**WORK INSTRUCTIONS**: Would you return the listing that follows exactly, leaving its pictures behind?

**DATA EXCERPT**:
● ● ● ●
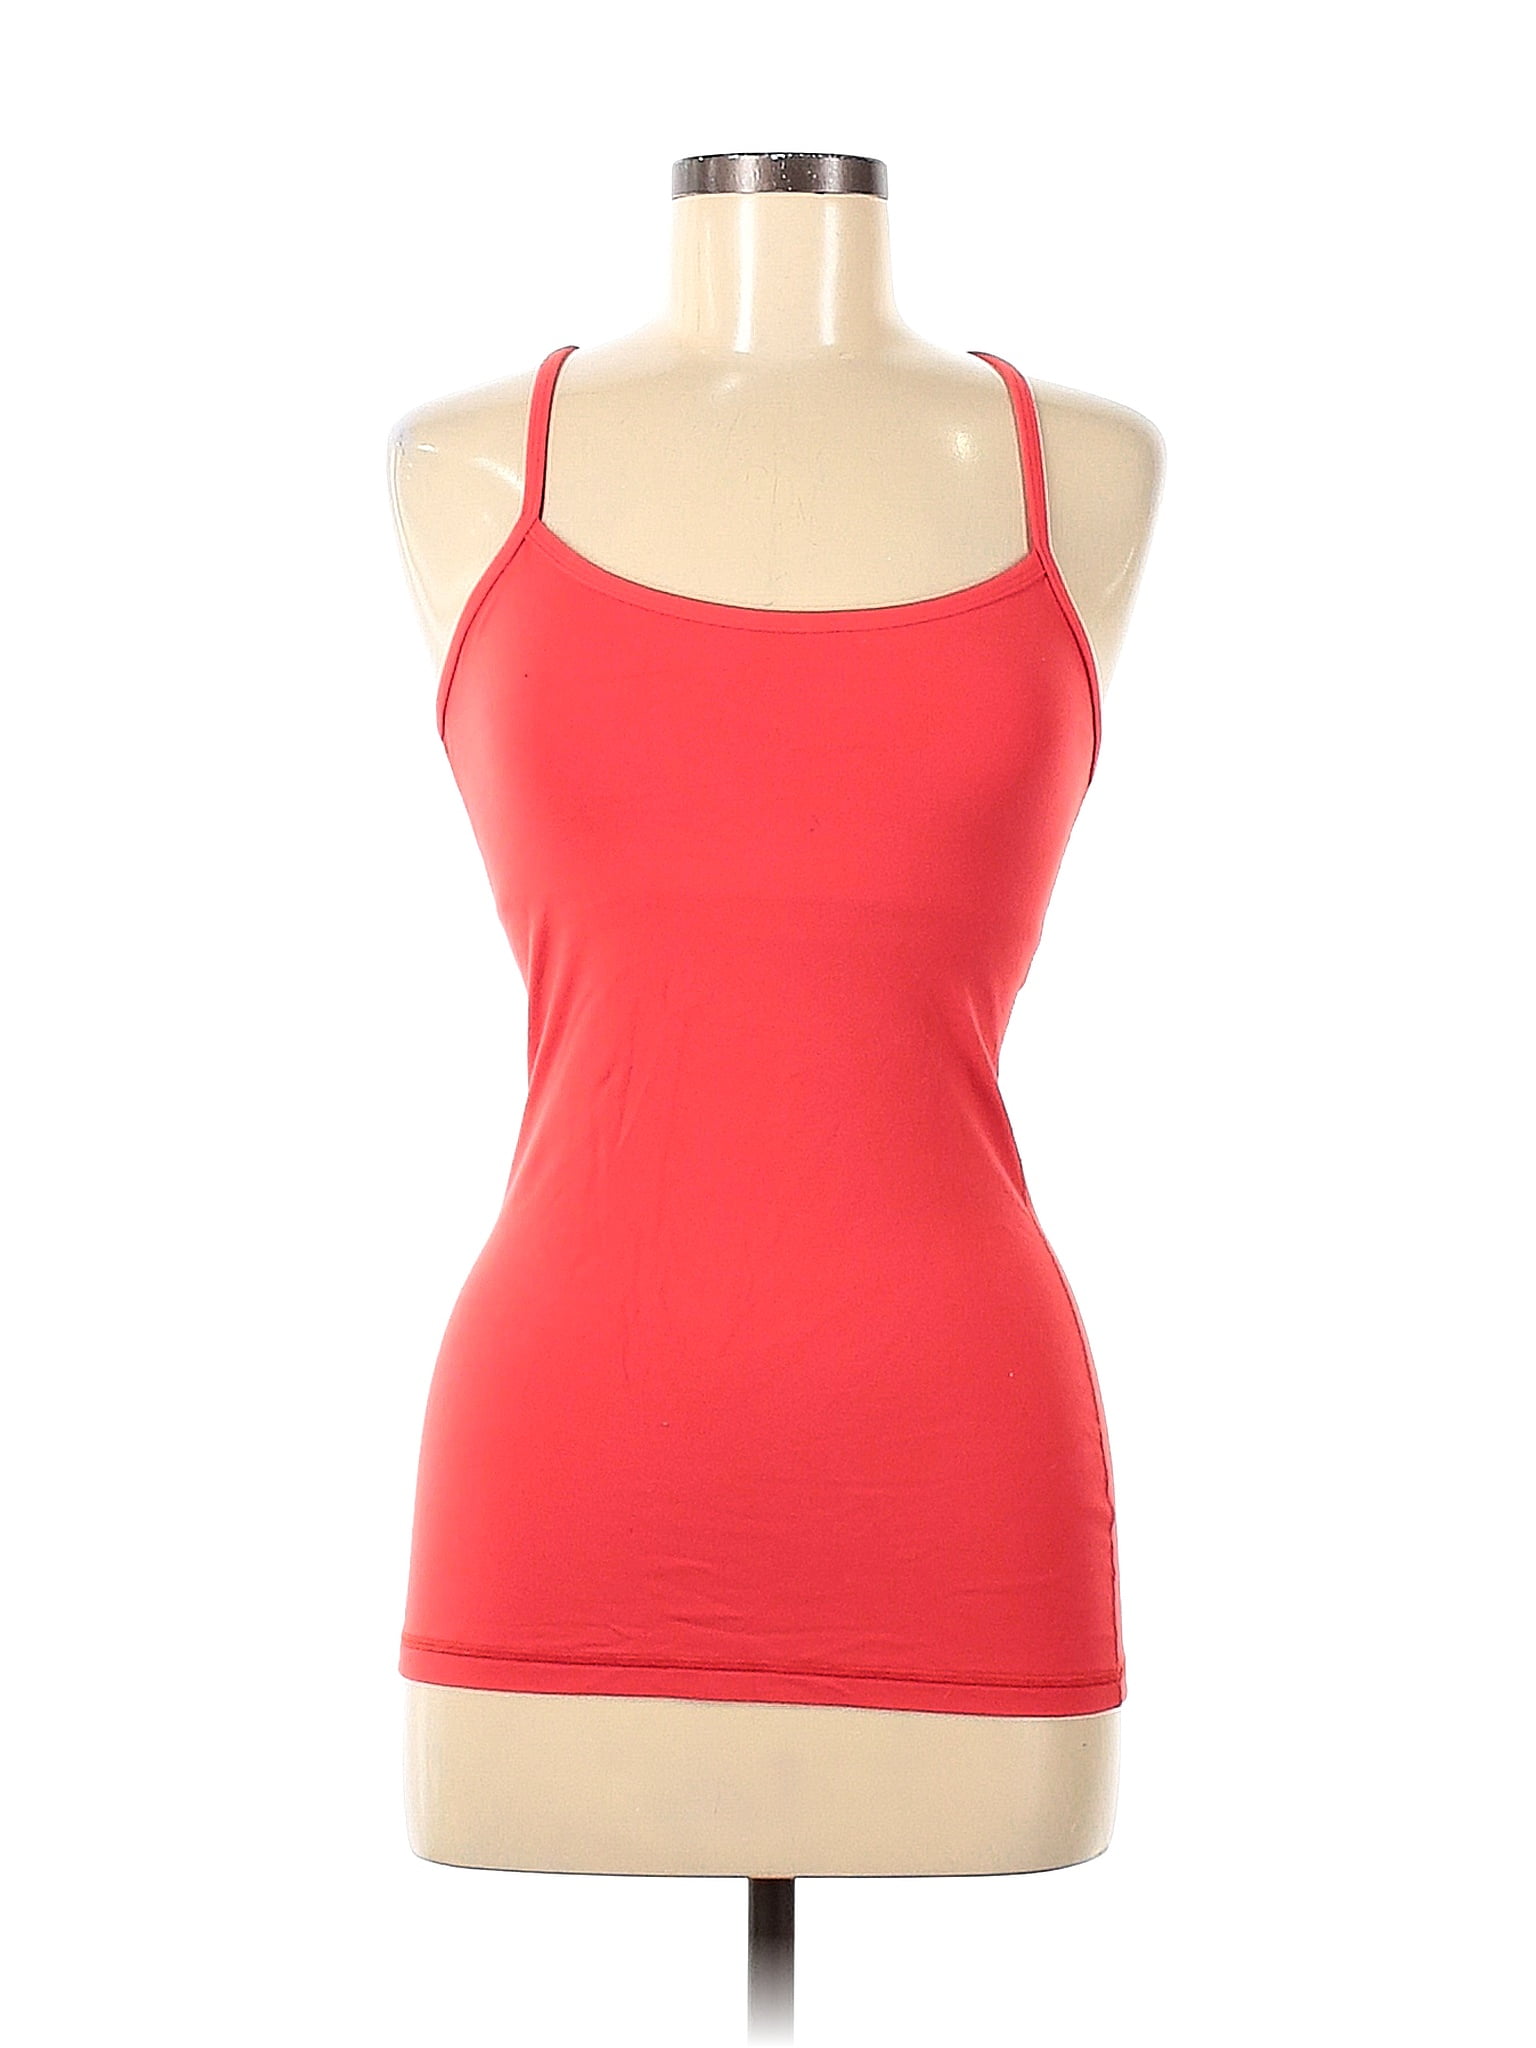 Pre-Owned Lululemon Athletica Womens Size 8 Tank Top Algeria
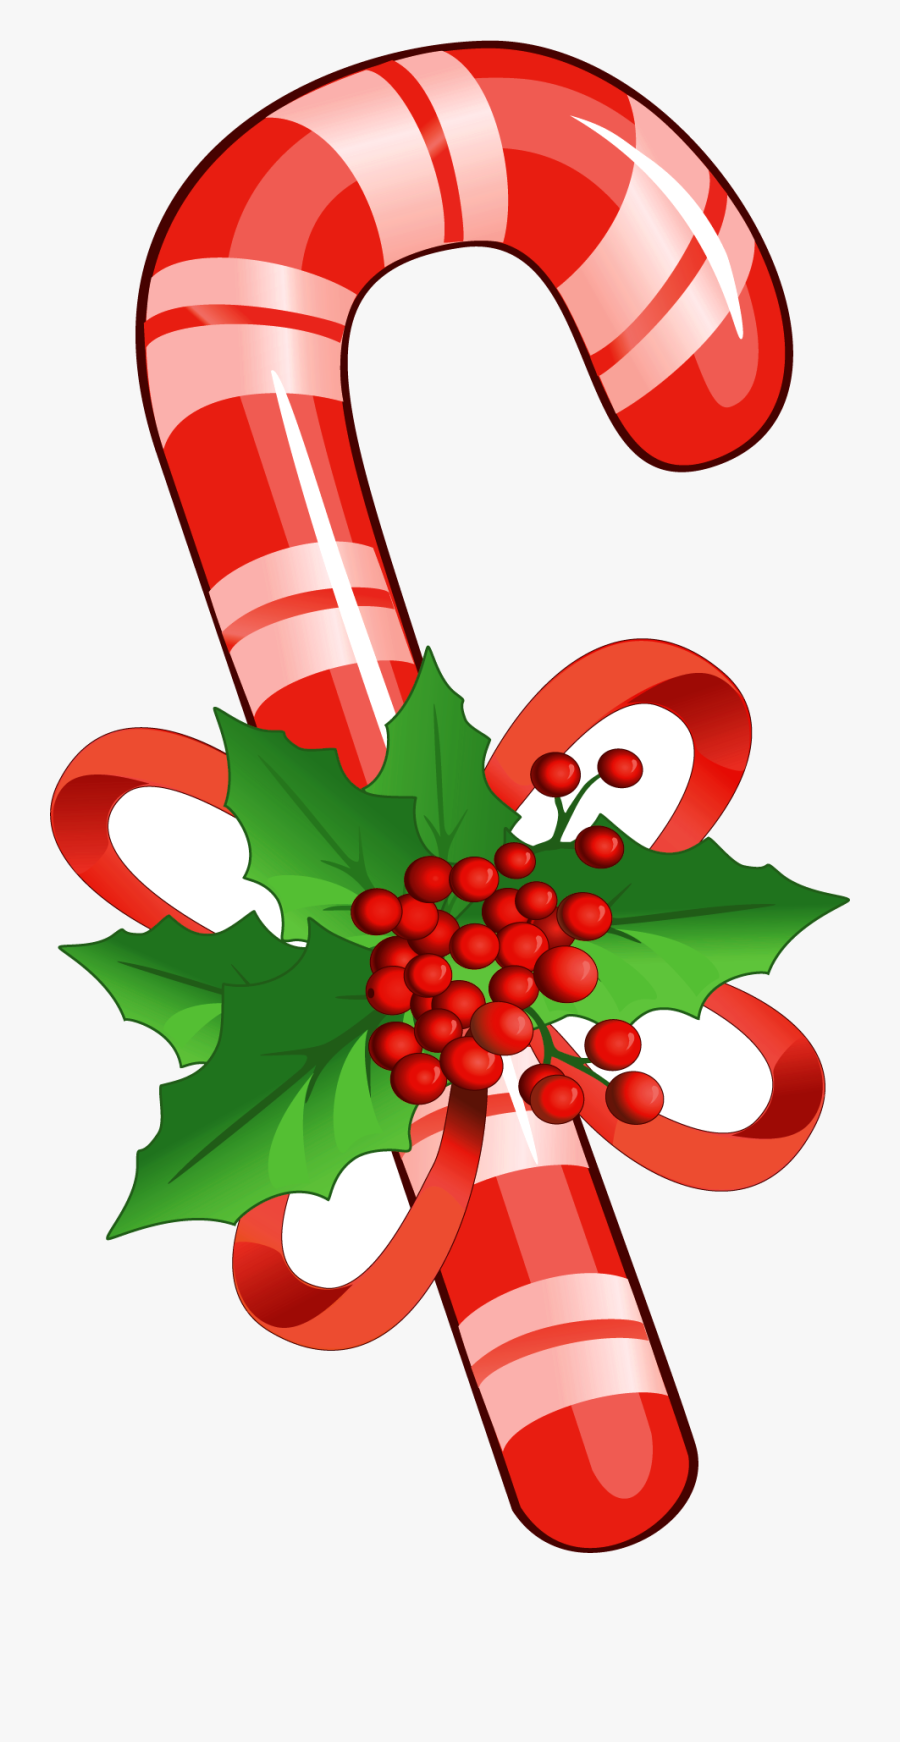 Candy Cane Peppermint Clipart Free On Ijcnlp Cliparts - Christmas Candy Cane Clipart, Transparent Clipart
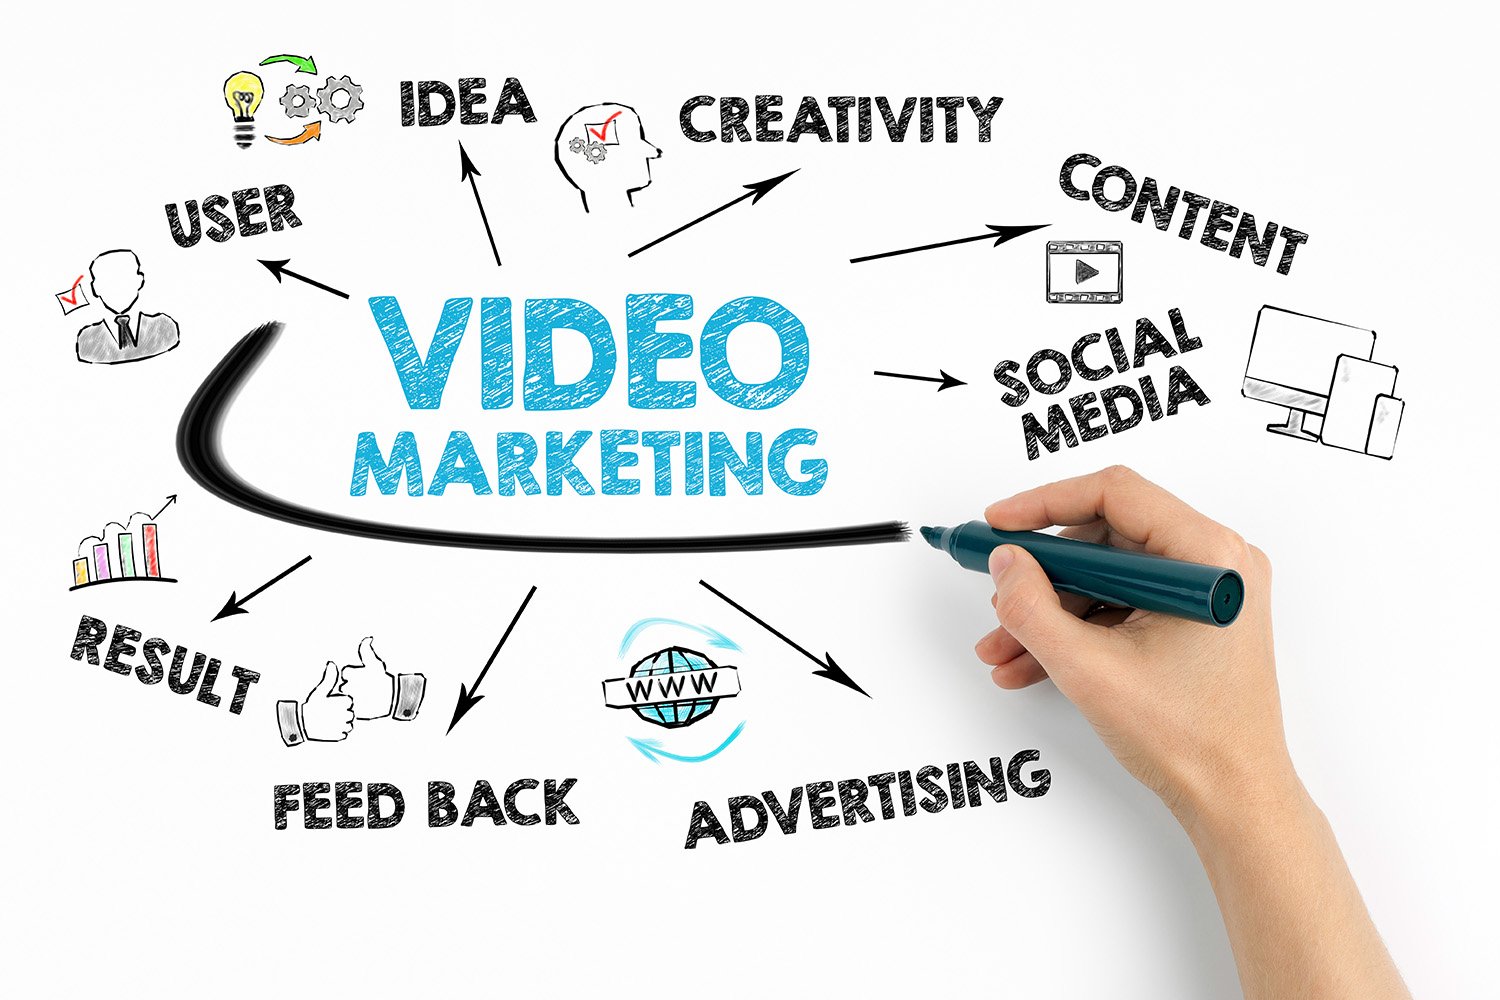 Tips for Effective Video Marketing – The Importance of Video in Dallas Marketing
● ● ● ●
**RESPONSE**:
 Pre-Owned Lululemon Athletica Womens Size 8 Tank Top Algeria
 Candy Cane Peppermint Clipart Free On Ijcnlp Cliparts - Christmas Candy Cane Clipart, Transparent Clipart
 Tips for Effective Video Marketing – The Importance of Video in Dallas Marketing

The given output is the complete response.